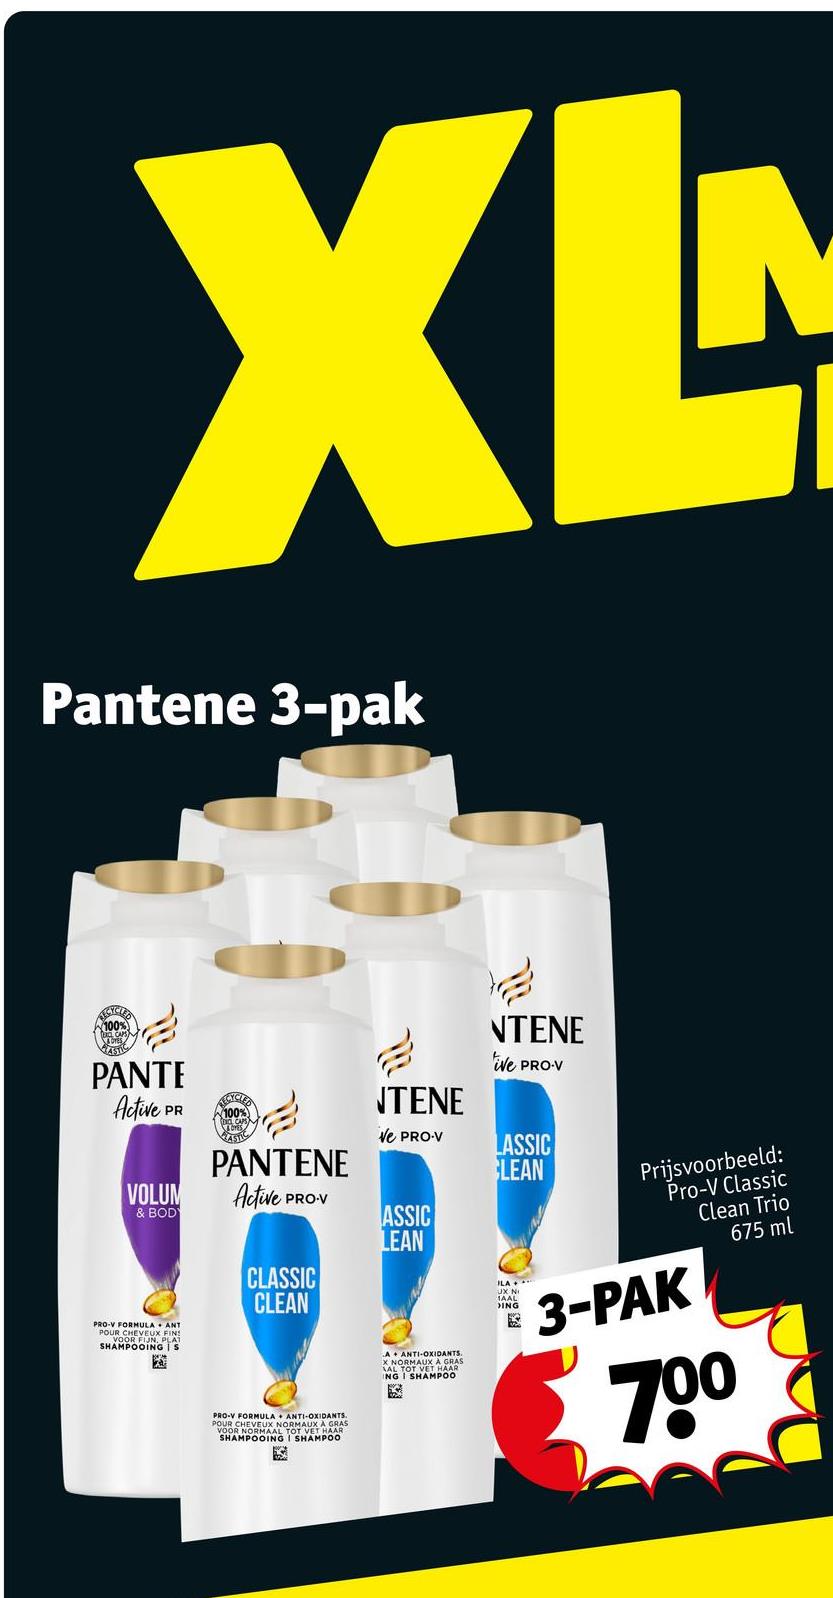 XL
Pantene 3-pak
100%
STIC
PANTE
Active
PR
VOLUM
& BODY
ANT
PRO-V FORMULA
POUR CHEVEUX FINS
VOOR FIJN, PLAT
SHAMPOOING S
100%
100%
PANTENE
Active
PRO-V
CLASSIC
CLEAN
PRO-V FORMULA + ANTI-OXIDANTS.
POUR CHEVEUX NORMAUX A GRAS
VOOR NORMAAL TOT VET HAAR
SHAMPOOING I SHAMPOO
NTENE
Ve PRO-V
ASSIC
LEAN
A
ANTI-OXIDANTS.
X NORMAUX A GRAS
ING I SHAMPOO
NTENE
ive PRO-V
LASSIC
LEAN
Prijsvoorbeeld:
Pro-V Classic
Clean Trio
675 ml
ILA
DING
3-PAK
700

────────────────────────────────────────

### Task objective
An exact transcription of the material is required, without any pictures.

### Output below
 XL
Pantene 3-pak
100%
STIC
PANTE
Active
PR
VOLUM
& BODY
ANT
PRO-V FORMULA
POUR CHEVEUX FINS
VOOR FIJN, PLAT
SHAMPOOING S
100%
100%
PANTENE
Active
PRO-V
CLASSIC
CLEAN
PRO-V FORMULA + ANTI-OXIDANTS.
POUR CHEVEUX NORMAUX A GRAS
VOOR NORMAAL TOT VET HAAR
SHAMPOOING I SHAMPOO
NTENE
Ve PRO-V
ASSIC
LEAN
A
ANTI-OXIDANTS.
X NORMAUX A GRAS
ING I SHAMPOO
NTENE
ive PRO-V
LASSIC
LEAN
Prijsvoorbeeld:
Pro-V Classic
Clean Trio
675 ml
ILA
DING
3-PAK
700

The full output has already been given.